Monday, 9 June 2008

Spineless Sunday Part-1

I spent a fabulous Spineless Sunday on 18 May chasing invertebrates in my home garden. A top highlight reported on this day took the centre stage on this blog soon after and this post got delayed due to that. So, this is the continuation of that Spineless Sunday.

Elusive Adjutant Aethriamanta brevipennis brevipennis

Elusive Adjutant - juvenile maleThis is a special dragonfly species found in my garden and I blogged about it previously here. It showed an adult male & a female and a juvenile. As those pictures show, in most dragonflies, the adult males and females often look remarkably different in colouration. The males are often brightly coloured and therefore are more showy. This is different in newly emerged juvenile males, which often look like females in their outlook. The individual in the above picture is an ‘adolescent’ male that is beginning to acquire adult colouration in its body as you can clearly see patches of red emerging. This individual was photographed at midday when it held its body in a vertical posture to reduce the impact of direct sunlight on it.

Elusive Adjutant Aethriamanta brevipennis brevipennis

Elusive Adjutant - juvenile maleThis is the same individual as above. Another common name for this one is Black-headed Basker and as that name implies, it loves to bask in the sunlight. I have noticed that this dragonfly tolerates close approaching, which makes it quite photogenic.

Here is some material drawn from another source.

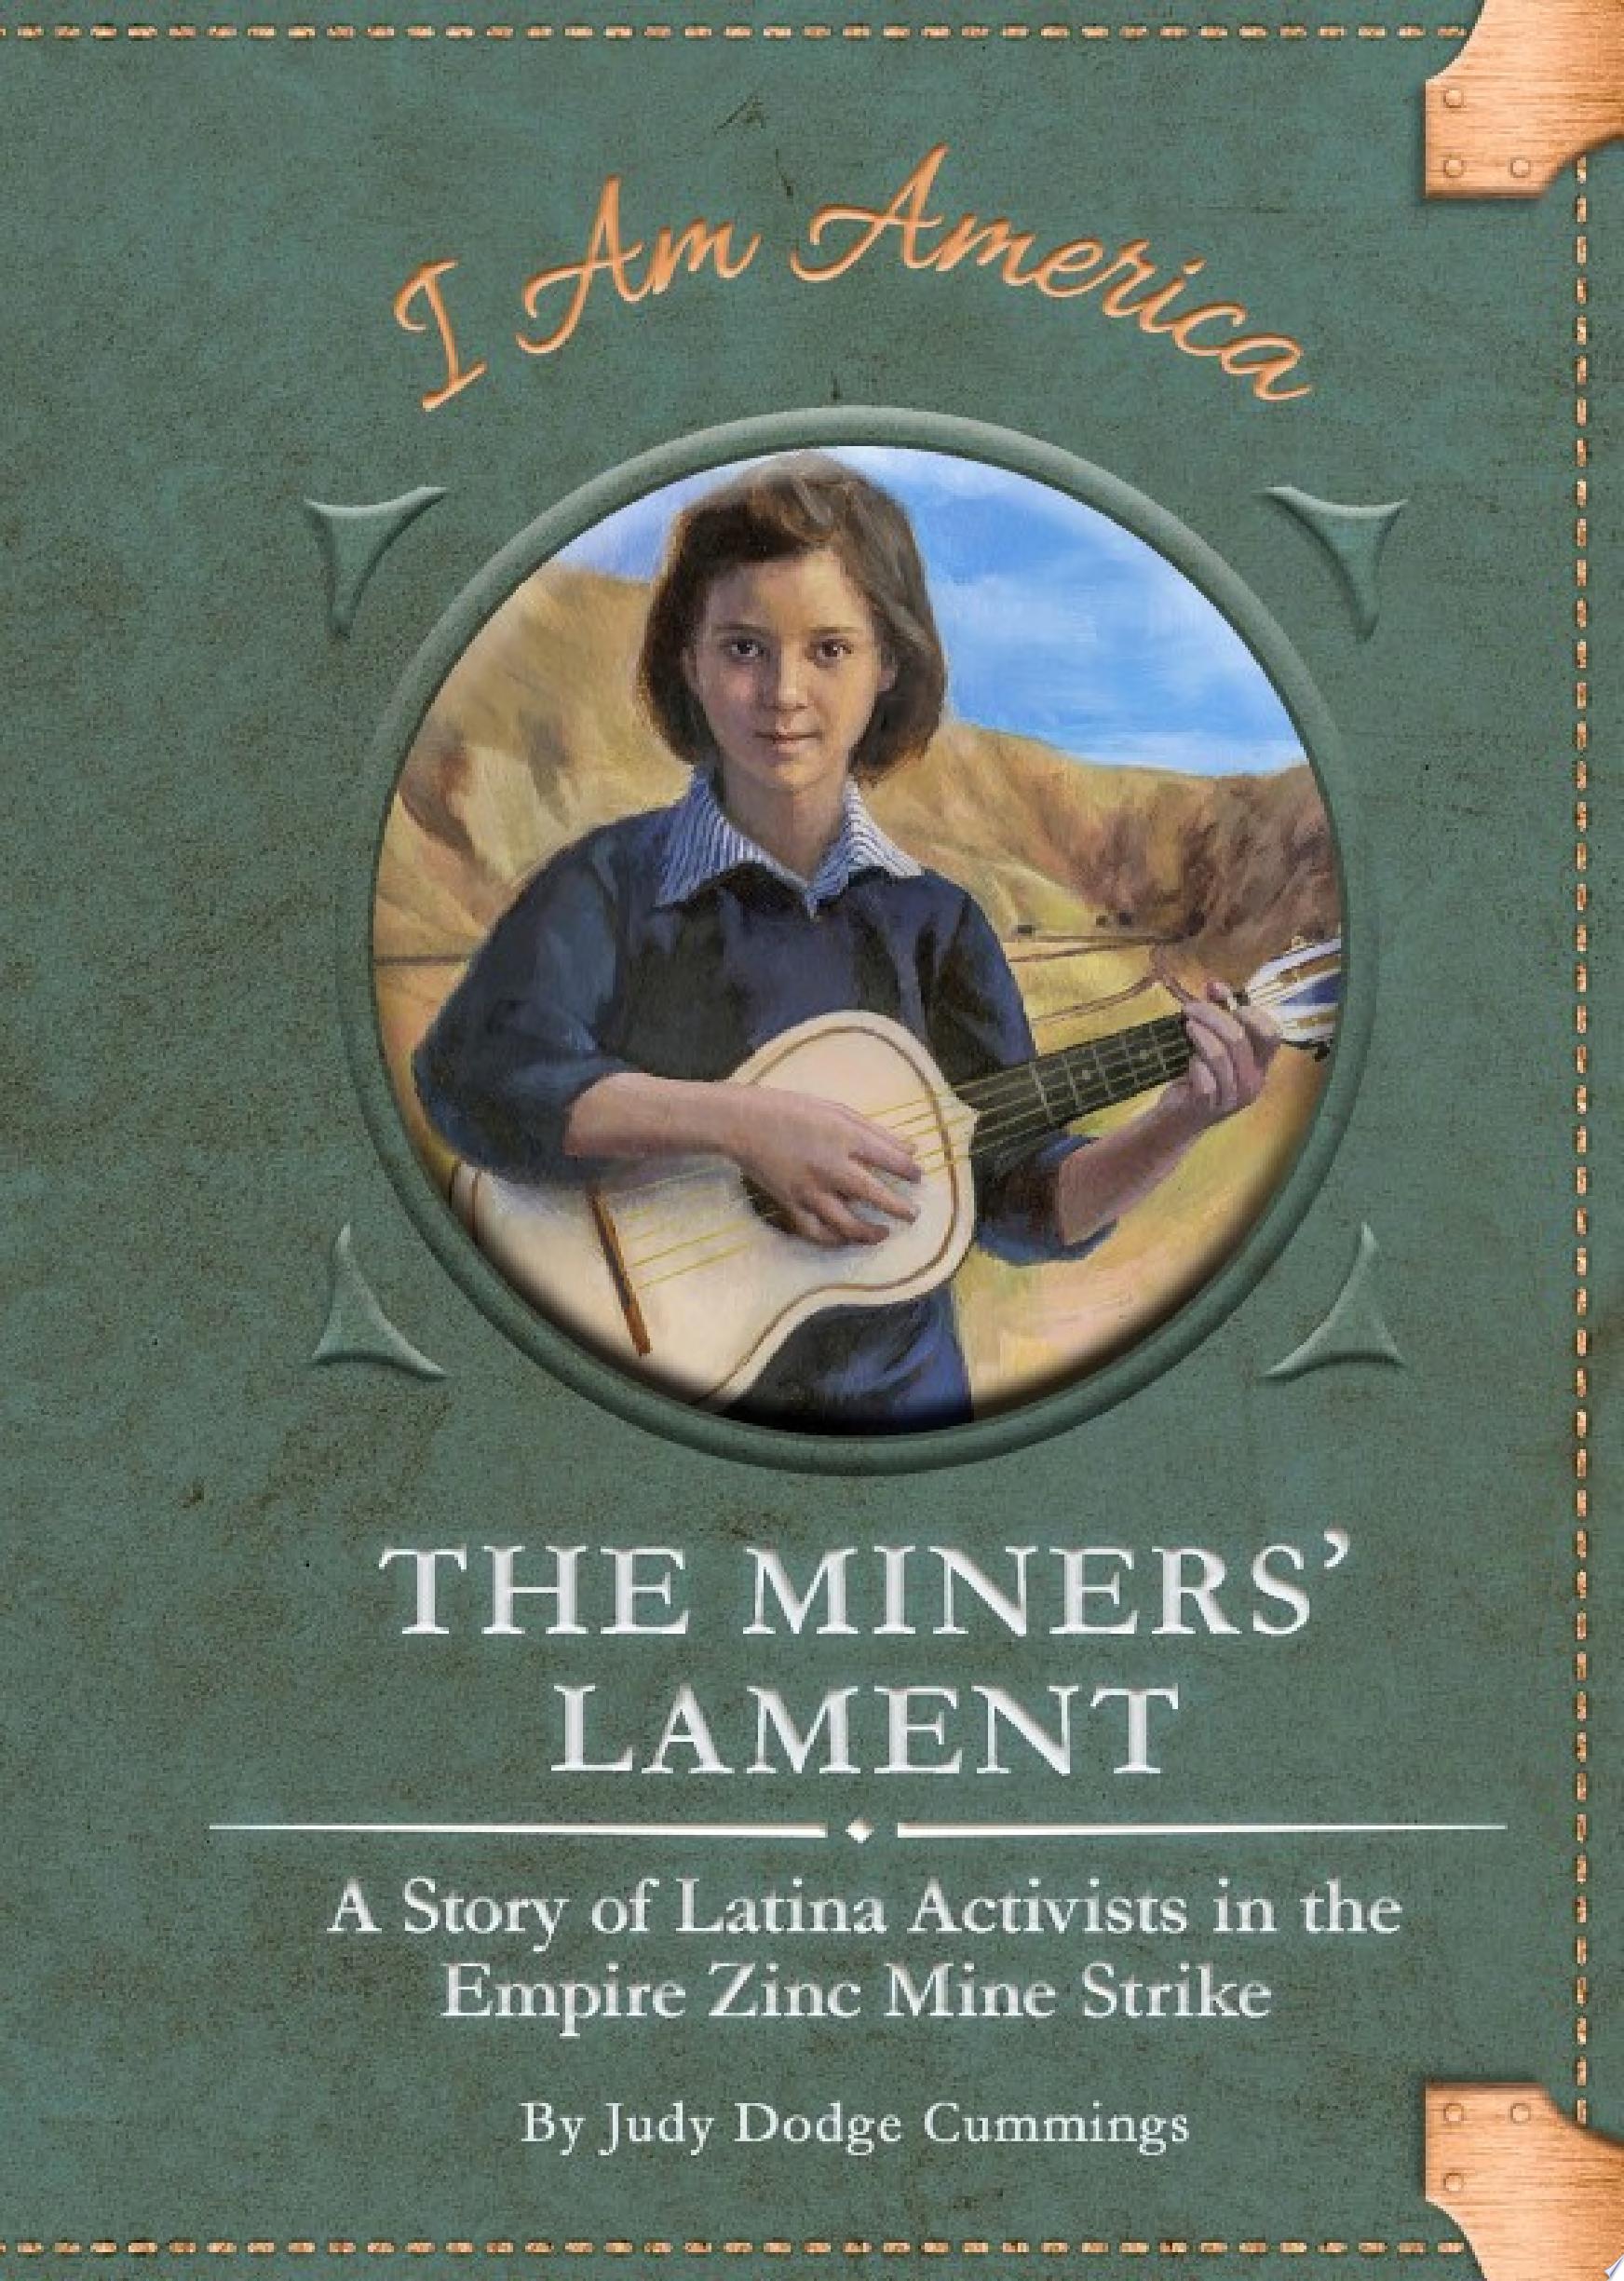 Image for "The Miner's Lament"

Variegated Flutterer Rhyothemis variegata variegata

Variegated Flutterer - femaleThis is a female with clear ends to the forewings. As you can see the alignment of the body and the wings is unusual in this picture. That is because as soon as it landed on the grass leaf closer to me, it started writhing its wings sensuously while keeping the body straight as if it is dancing to an irresistible R n B beat. It is a common dragonfly species and occurs in large numbers around my house. It has a slow butterfly-like flight and quite a few visitors have mistaken it as a butterfly due to that.

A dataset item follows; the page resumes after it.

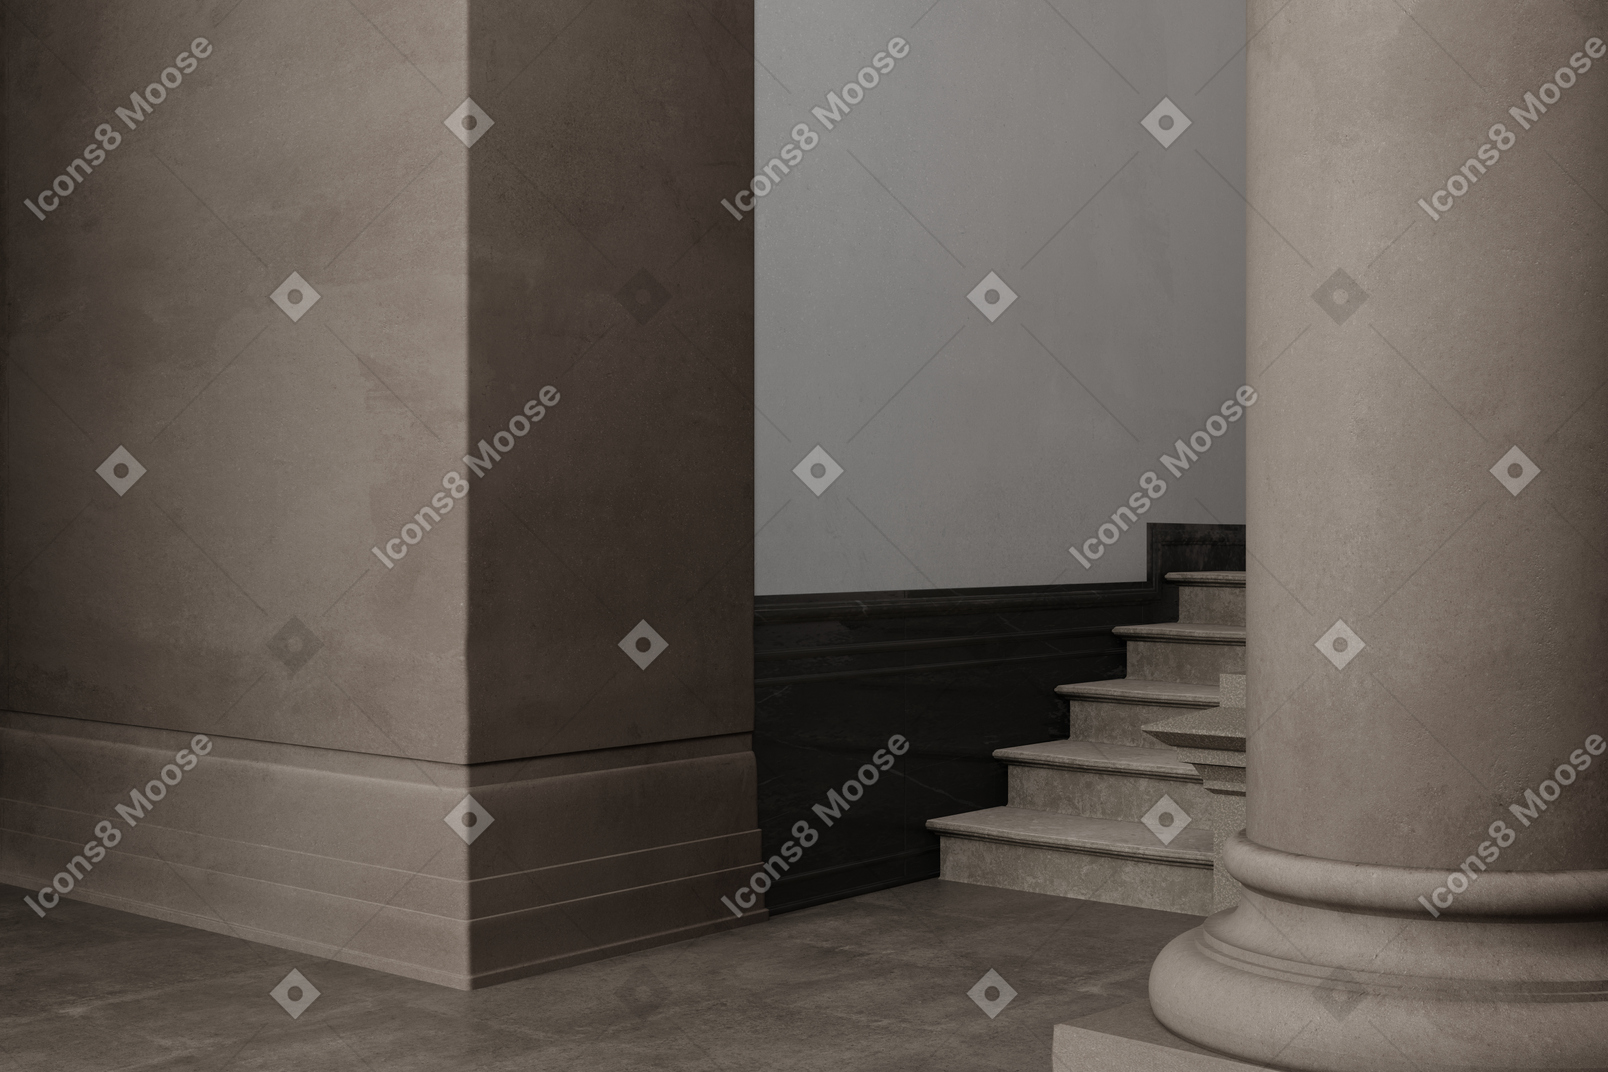 Brown interior with stairs and column

White Four-ring Ypthima ceylonica

White Four-ring This butterfly uses grasses as food plants and is quite common. It is highly variable in the size and number of ocelli (eye-like spots), adapted to fool predators disguising itself as a larger and a dangerous-looking creature.

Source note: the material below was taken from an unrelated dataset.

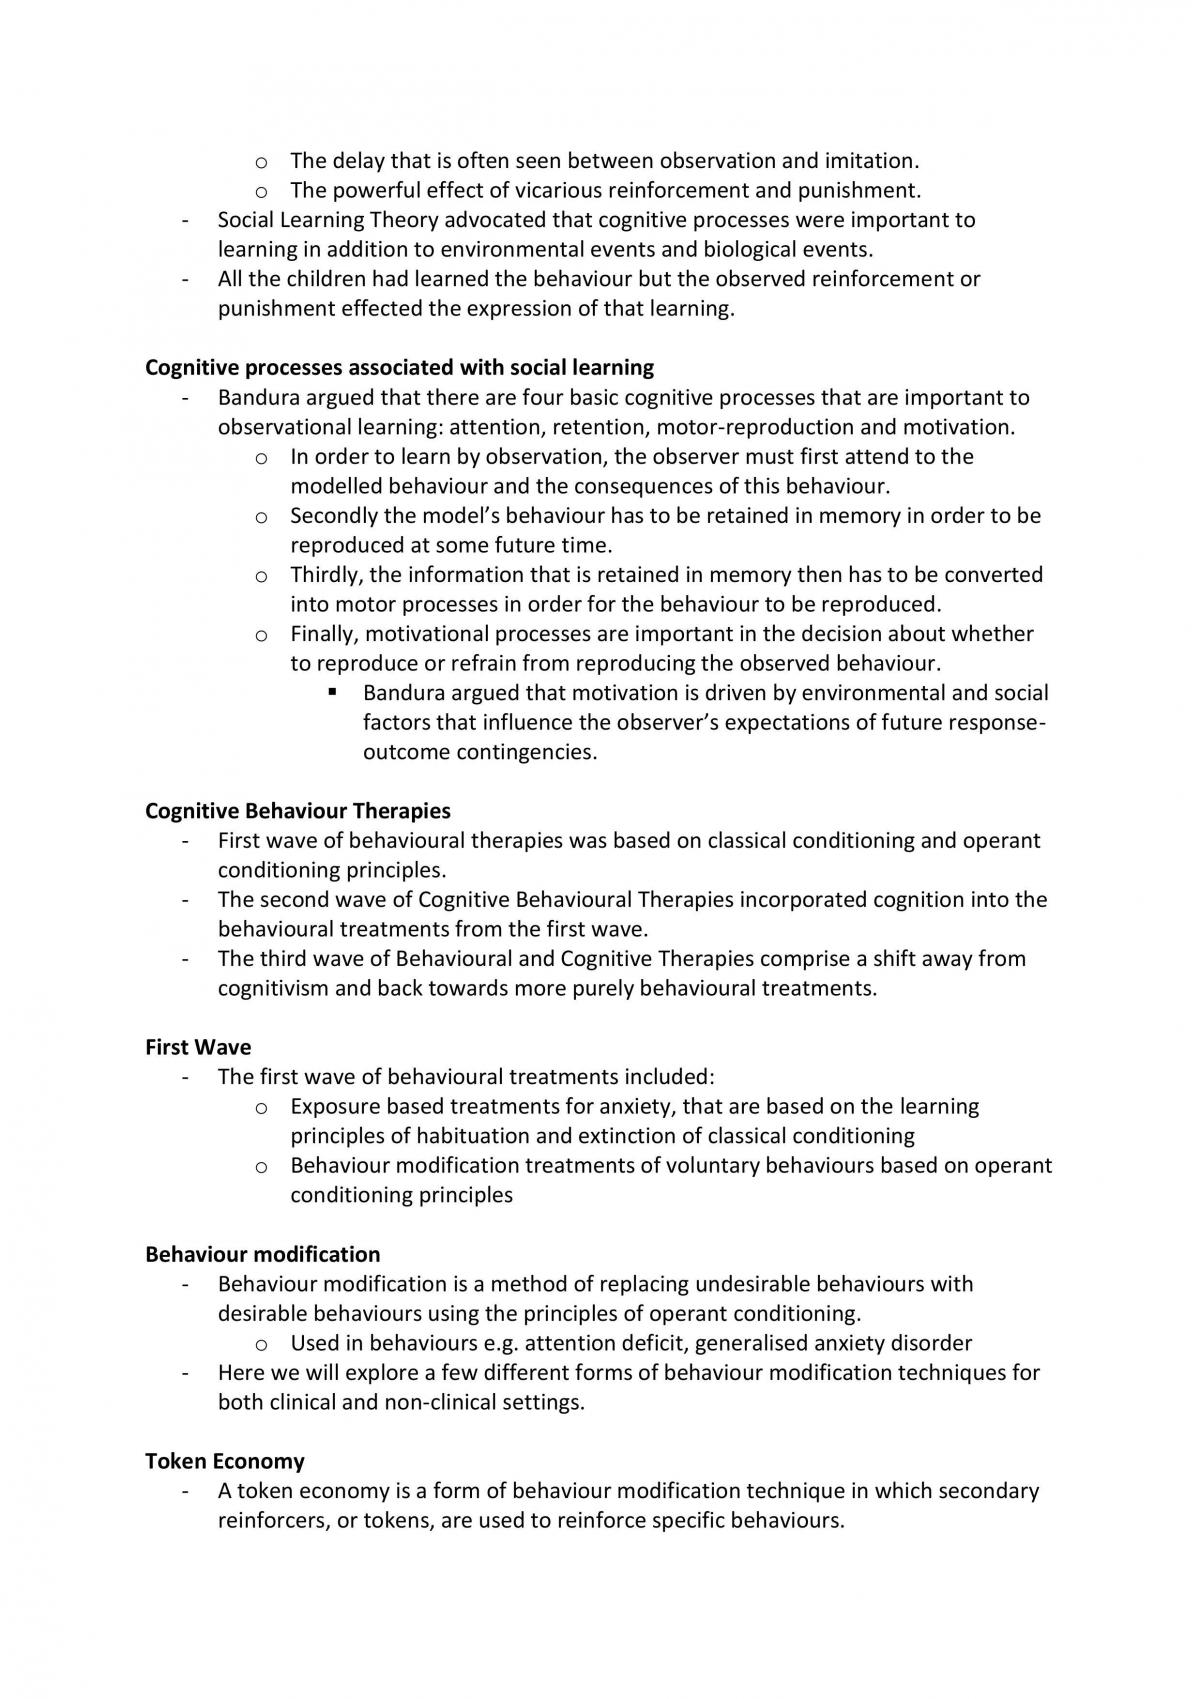 101676 Full Semester Notes - Page 45

White Four-ring Ypthima ceylonica

White Four-ring This is the upper side (recto surface) of it.


Nora said...

Hi Amila, these are some lovely photos have given me a new inspiration to photo macro now..sounds like your garden is full of interesting little creatures....glad you are back...cheers.

Amila Salgado said...

Hi Ocean,
Thanks as always!
I am glad to hear that I have inspired you to photograph macro!
Cost of travel is very high these days, so it is always good to find interesting things around you own yard. Look forward to seeing your macro shots.

Anonymous said...

Dragon fly tolerates close approach?? I must try out next time. These are all wonderful shots. :)

Amila Salgado said...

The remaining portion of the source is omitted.